Work to be completed = All lines in the records below with the word "Speed" must be returned.
----------------
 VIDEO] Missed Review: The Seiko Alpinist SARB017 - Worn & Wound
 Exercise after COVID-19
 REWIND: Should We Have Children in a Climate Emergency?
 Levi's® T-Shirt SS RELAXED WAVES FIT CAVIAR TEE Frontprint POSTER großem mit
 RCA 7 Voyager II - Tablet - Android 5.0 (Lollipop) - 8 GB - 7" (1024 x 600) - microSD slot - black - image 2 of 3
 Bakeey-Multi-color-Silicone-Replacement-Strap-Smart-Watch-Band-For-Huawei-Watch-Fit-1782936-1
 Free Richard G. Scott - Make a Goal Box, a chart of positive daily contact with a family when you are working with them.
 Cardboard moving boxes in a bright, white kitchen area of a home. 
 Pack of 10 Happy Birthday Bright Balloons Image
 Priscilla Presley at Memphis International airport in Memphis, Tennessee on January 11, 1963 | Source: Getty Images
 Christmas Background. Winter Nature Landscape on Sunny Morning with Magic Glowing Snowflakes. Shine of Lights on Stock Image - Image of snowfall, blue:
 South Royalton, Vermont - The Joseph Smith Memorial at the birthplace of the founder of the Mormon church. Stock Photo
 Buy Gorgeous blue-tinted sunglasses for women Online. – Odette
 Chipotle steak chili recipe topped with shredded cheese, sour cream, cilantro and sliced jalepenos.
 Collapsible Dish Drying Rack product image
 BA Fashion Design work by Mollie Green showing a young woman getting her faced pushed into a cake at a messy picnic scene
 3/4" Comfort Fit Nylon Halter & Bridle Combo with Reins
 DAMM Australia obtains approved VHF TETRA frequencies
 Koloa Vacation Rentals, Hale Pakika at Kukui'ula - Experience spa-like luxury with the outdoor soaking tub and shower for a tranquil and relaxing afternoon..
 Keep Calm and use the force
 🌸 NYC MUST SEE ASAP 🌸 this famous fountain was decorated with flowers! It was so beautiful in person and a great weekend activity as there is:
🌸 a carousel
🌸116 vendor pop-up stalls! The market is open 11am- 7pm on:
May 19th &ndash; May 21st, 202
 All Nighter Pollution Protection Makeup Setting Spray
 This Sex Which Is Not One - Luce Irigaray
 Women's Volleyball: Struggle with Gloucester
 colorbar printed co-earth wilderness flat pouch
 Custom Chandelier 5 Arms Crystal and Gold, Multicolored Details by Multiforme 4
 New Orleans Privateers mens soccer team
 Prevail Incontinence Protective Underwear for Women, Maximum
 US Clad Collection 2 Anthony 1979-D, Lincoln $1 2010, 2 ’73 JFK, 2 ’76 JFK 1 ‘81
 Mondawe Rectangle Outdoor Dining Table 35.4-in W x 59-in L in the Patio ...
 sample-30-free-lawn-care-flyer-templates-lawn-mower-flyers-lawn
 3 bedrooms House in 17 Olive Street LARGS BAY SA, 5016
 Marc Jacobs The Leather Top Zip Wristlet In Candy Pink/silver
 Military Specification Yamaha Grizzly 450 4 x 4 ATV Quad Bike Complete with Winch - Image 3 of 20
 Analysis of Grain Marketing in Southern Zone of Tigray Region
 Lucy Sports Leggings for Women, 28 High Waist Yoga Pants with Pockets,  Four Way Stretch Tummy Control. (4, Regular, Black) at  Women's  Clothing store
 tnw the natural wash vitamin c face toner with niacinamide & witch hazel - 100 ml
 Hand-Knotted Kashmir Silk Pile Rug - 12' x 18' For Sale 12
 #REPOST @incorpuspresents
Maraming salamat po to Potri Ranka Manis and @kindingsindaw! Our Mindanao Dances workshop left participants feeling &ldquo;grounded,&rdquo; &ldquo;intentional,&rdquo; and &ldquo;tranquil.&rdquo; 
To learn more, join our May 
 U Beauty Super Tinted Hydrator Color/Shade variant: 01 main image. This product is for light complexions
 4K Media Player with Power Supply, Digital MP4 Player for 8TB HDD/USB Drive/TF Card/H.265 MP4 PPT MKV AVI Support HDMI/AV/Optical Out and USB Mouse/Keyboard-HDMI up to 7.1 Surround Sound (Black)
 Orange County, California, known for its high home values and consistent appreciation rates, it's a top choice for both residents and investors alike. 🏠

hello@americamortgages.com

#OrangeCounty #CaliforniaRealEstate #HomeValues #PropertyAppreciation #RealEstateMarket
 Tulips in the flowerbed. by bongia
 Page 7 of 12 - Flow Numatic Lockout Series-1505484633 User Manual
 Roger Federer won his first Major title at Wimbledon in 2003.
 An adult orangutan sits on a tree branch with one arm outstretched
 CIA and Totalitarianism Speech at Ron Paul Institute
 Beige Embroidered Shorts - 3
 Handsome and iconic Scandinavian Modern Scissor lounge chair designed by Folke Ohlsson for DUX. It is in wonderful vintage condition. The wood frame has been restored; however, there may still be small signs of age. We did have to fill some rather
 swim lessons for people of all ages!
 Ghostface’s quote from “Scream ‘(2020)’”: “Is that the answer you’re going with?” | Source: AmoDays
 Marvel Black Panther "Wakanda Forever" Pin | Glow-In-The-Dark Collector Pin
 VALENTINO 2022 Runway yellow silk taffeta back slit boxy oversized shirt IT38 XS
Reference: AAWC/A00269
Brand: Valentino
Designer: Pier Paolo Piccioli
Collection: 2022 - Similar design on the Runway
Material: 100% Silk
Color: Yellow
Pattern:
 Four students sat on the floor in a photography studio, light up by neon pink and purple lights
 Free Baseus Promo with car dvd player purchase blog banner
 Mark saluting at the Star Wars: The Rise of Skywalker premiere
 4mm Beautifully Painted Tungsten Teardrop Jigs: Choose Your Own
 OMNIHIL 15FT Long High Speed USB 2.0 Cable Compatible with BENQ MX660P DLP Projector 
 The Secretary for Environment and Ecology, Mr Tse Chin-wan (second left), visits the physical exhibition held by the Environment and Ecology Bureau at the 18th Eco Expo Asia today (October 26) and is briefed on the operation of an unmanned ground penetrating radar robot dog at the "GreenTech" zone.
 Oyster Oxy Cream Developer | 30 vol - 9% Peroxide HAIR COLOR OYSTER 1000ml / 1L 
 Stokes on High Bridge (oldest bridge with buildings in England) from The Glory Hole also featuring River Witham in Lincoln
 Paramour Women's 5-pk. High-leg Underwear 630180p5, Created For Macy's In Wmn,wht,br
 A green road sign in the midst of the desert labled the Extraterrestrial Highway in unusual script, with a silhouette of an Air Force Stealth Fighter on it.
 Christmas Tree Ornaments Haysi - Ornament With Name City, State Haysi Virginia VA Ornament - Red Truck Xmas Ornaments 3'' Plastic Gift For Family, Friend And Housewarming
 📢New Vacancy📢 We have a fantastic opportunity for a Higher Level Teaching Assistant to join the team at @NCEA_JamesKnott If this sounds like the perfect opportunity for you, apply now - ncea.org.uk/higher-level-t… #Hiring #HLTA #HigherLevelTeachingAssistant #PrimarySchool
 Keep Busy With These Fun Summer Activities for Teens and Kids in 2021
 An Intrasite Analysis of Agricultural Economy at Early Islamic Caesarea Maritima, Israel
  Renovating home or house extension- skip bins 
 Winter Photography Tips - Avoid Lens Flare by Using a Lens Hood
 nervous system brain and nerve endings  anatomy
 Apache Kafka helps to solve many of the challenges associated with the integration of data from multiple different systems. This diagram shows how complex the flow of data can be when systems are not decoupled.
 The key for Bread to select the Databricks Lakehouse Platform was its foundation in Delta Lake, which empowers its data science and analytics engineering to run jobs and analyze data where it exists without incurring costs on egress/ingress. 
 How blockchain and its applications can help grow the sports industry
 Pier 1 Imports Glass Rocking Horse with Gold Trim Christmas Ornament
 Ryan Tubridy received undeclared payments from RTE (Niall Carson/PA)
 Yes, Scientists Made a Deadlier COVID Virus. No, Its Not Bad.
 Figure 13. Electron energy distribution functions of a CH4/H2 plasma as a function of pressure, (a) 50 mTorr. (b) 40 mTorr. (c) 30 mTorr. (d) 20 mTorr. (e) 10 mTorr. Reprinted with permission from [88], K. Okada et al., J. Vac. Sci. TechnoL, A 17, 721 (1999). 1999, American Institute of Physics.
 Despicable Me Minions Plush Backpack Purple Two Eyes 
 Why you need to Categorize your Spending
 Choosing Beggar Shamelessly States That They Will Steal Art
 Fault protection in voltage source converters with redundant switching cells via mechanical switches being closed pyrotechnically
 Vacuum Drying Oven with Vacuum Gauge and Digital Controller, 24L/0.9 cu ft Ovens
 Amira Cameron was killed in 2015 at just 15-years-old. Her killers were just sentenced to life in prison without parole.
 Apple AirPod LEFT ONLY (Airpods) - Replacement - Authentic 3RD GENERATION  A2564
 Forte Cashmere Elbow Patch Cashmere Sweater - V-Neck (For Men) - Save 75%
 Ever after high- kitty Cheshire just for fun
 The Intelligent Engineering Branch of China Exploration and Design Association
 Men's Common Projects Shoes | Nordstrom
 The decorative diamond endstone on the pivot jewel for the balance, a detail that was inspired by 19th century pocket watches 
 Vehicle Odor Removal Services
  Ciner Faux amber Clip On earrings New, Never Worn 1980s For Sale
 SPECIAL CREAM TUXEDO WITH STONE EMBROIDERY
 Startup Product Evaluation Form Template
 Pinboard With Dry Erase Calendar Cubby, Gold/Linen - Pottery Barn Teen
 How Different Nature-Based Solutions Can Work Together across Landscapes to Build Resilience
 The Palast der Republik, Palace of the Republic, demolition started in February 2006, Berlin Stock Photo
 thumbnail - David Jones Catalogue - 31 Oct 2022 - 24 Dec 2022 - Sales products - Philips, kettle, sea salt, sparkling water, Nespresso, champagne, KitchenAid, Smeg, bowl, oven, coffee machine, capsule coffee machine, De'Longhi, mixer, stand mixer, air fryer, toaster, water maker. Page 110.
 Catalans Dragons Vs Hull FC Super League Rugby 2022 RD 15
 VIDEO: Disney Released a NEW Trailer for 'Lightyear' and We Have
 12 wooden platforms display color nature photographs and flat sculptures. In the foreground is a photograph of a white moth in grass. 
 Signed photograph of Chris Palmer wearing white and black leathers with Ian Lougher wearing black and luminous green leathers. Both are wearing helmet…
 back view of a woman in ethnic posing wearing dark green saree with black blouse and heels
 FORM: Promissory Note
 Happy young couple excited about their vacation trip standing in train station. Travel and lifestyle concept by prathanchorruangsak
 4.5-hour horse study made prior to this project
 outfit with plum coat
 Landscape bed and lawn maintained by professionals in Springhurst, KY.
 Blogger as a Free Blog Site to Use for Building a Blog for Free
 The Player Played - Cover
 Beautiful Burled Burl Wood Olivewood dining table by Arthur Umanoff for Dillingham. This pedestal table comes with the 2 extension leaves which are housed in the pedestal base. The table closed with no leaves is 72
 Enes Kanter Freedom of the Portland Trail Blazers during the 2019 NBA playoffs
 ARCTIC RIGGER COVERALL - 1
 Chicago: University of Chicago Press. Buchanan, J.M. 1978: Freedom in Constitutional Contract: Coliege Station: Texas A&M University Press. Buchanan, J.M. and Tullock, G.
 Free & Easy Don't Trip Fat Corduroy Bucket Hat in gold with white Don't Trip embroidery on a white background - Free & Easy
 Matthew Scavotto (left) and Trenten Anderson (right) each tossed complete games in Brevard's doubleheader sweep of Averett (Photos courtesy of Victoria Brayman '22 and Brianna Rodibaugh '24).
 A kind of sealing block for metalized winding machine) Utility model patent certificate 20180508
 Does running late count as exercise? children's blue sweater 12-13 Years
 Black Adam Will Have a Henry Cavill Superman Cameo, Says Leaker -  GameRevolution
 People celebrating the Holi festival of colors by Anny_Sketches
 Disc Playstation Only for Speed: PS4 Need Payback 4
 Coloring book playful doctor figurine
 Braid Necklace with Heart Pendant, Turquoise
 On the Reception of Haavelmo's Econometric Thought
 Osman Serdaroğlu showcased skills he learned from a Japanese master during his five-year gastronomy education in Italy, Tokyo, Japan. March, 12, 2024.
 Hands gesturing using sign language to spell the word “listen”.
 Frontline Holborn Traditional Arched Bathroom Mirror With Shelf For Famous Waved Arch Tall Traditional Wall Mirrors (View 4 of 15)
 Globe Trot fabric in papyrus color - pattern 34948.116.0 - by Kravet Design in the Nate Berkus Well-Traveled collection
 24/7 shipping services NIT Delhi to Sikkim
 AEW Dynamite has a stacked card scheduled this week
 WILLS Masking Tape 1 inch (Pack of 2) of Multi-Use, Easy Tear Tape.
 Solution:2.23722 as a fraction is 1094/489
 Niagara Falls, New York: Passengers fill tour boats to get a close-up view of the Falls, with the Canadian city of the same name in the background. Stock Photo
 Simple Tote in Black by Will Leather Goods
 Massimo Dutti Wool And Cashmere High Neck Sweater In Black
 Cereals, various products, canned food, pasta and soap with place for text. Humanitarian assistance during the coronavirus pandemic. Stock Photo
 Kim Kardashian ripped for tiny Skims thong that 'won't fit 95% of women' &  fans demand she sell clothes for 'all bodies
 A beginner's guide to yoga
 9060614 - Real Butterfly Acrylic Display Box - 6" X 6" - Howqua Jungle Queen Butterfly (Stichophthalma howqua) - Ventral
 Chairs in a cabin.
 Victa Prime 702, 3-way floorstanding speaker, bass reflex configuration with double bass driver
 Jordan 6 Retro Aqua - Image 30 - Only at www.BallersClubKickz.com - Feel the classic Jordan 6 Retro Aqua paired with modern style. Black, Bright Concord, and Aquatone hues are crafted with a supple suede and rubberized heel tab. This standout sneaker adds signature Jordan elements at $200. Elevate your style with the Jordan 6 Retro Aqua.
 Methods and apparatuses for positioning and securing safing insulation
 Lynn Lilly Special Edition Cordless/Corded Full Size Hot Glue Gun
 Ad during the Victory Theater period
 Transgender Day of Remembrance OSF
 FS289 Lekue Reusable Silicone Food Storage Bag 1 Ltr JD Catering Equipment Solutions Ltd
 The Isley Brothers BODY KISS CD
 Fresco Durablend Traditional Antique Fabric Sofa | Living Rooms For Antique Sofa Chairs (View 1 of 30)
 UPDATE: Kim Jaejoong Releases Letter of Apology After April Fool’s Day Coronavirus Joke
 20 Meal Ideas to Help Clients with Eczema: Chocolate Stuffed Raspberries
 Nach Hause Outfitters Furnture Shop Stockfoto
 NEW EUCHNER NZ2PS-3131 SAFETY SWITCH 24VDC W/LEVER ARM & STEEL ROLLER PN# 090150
----------------
Written answer =
 OMNIHIL 15FT Long High Speed USB 2.0 Cable Compatible with BENQ MX660P DLP Projector 
 Disc Playstation Only for Speed: PS4 Need Payback 4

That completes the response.